TO DO: For the material below, reproduce exactly each line from the one that has "The smart glasses" through the one that has "iphone hacked remotely wifispoof", and no others; pictures stay out.

INFORMATION SHOWN:

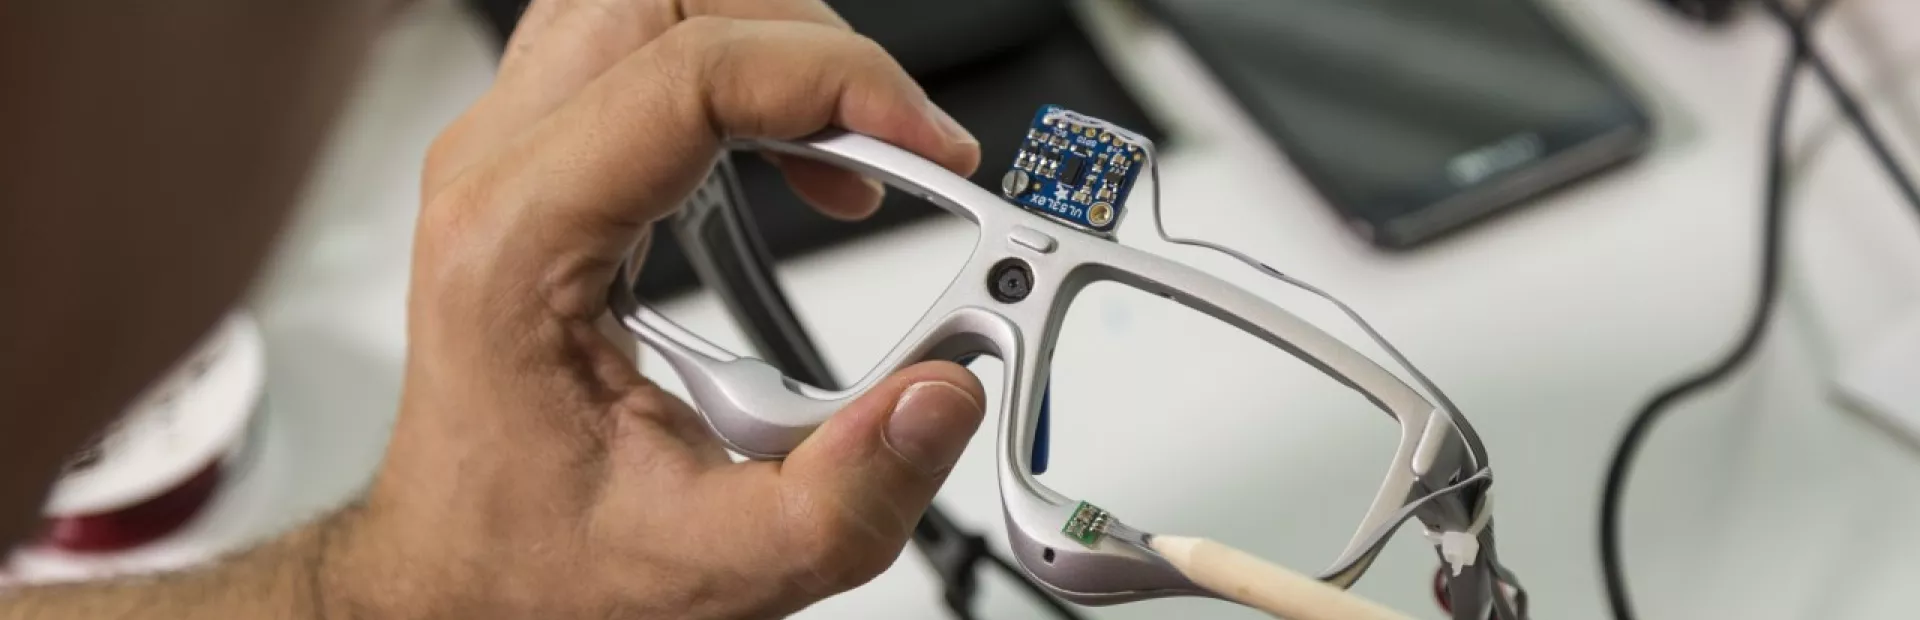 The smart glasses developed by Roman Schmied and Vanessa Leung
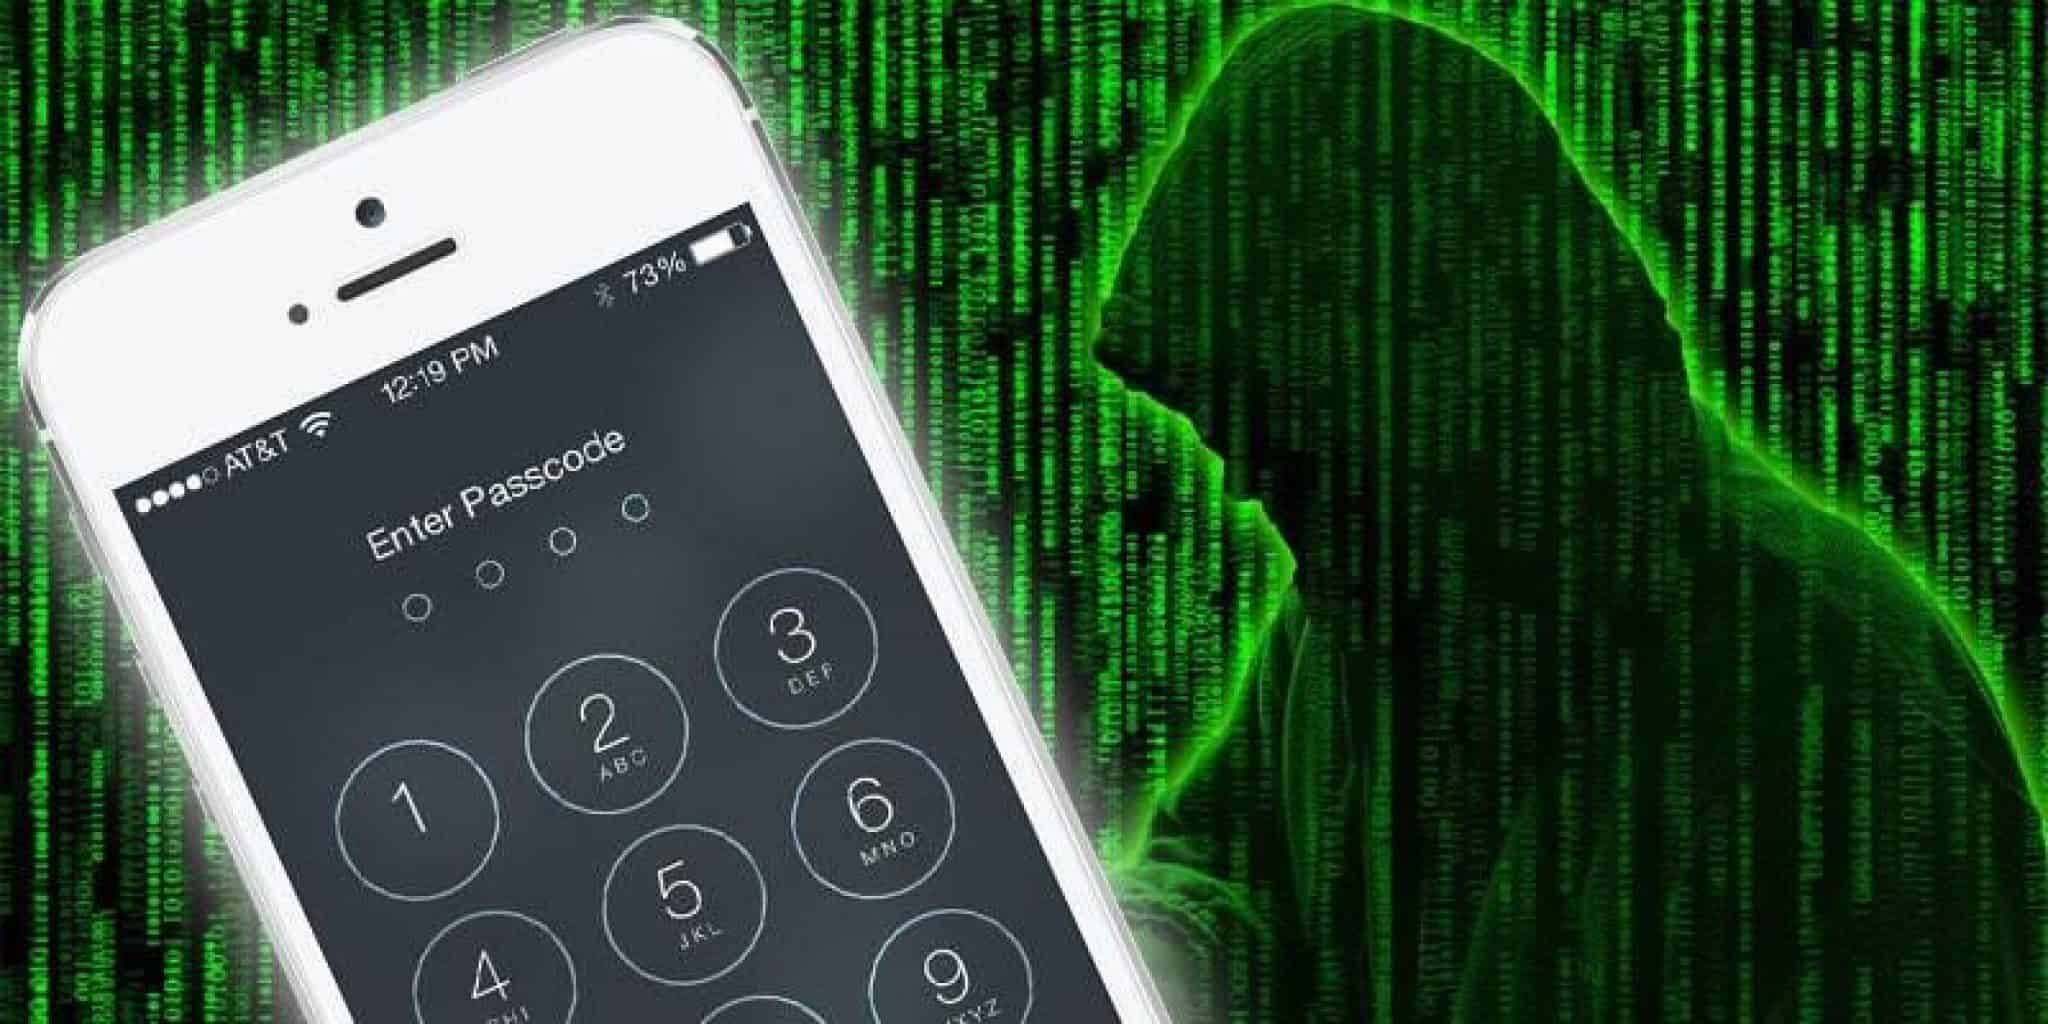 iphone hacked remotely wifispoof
==
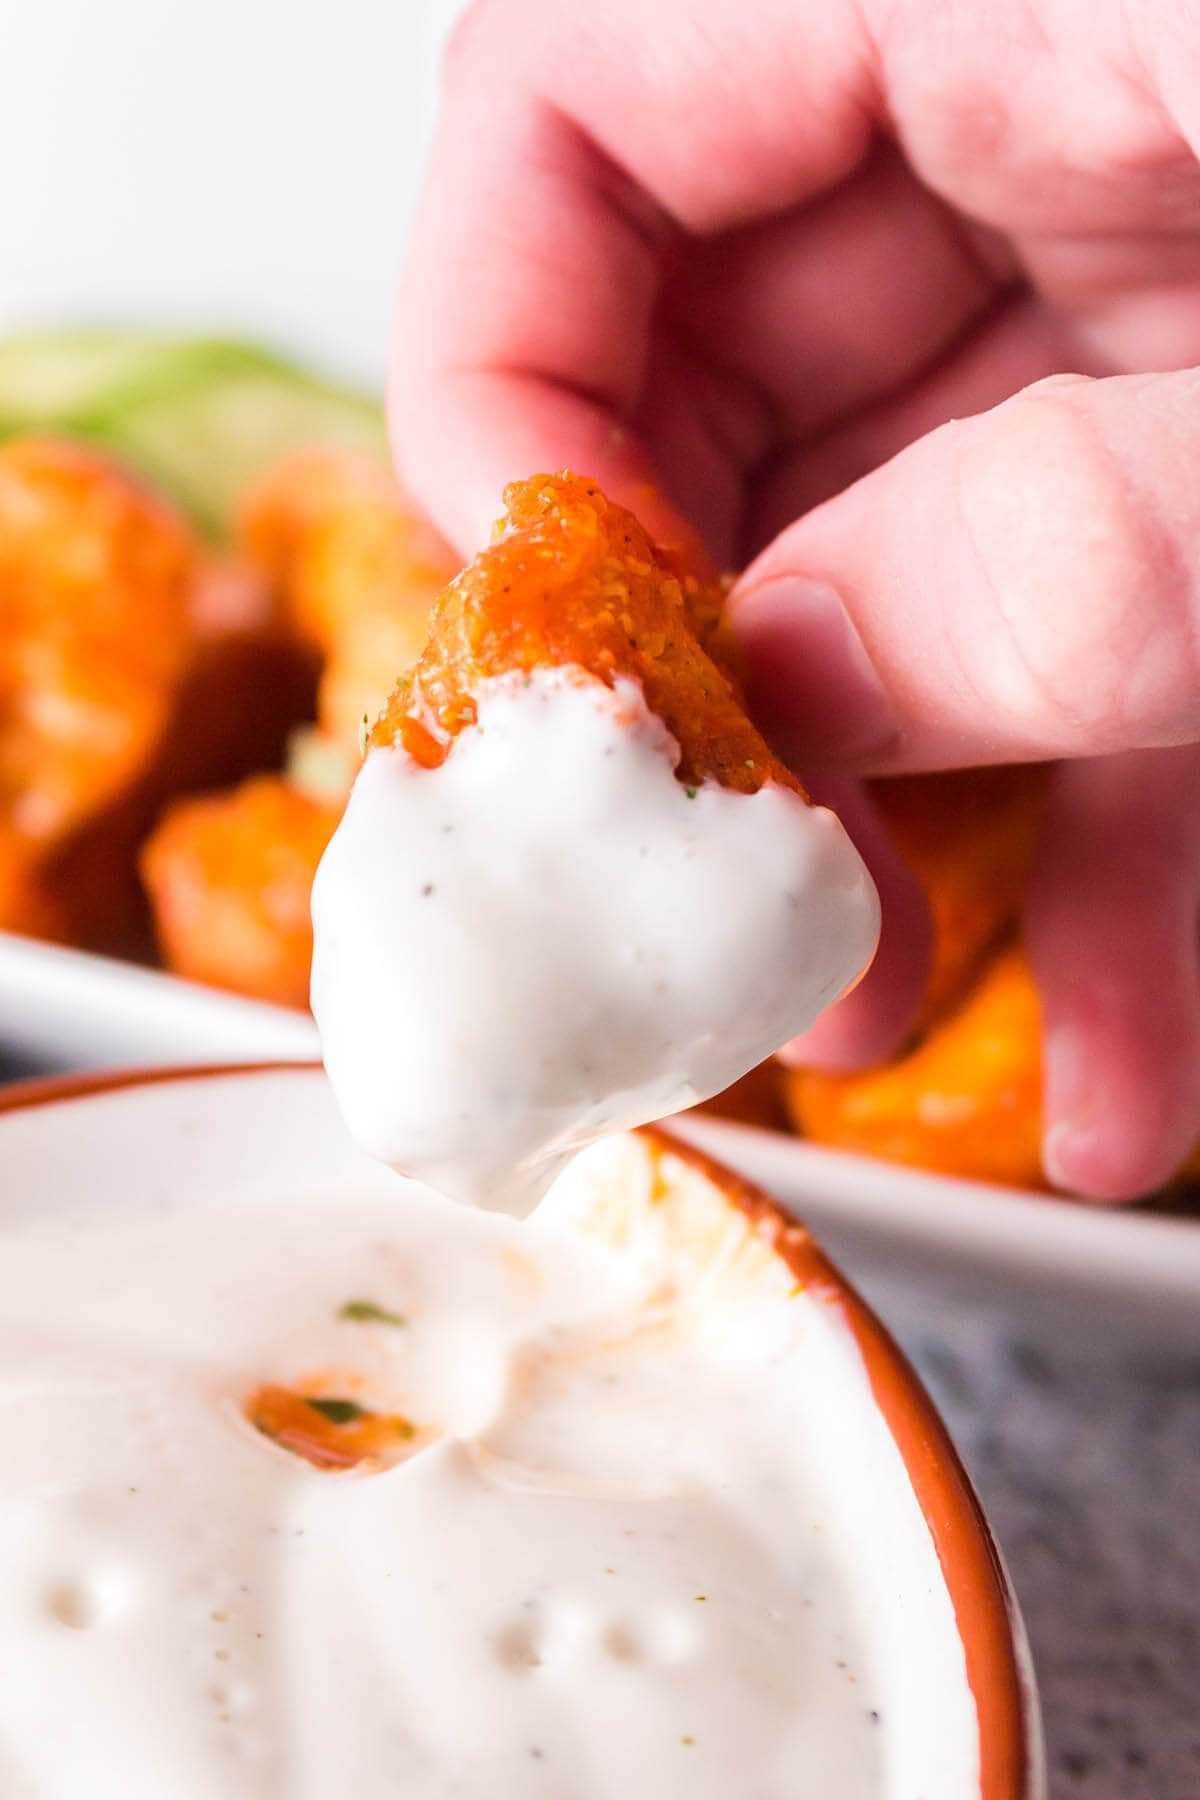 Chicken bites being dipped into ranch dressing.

ANSWER FOR THIS EXERCISE:
 The smart glasses developed by Roman Schmied and Vanessa Leung
 iphone hacked remotely wifispoof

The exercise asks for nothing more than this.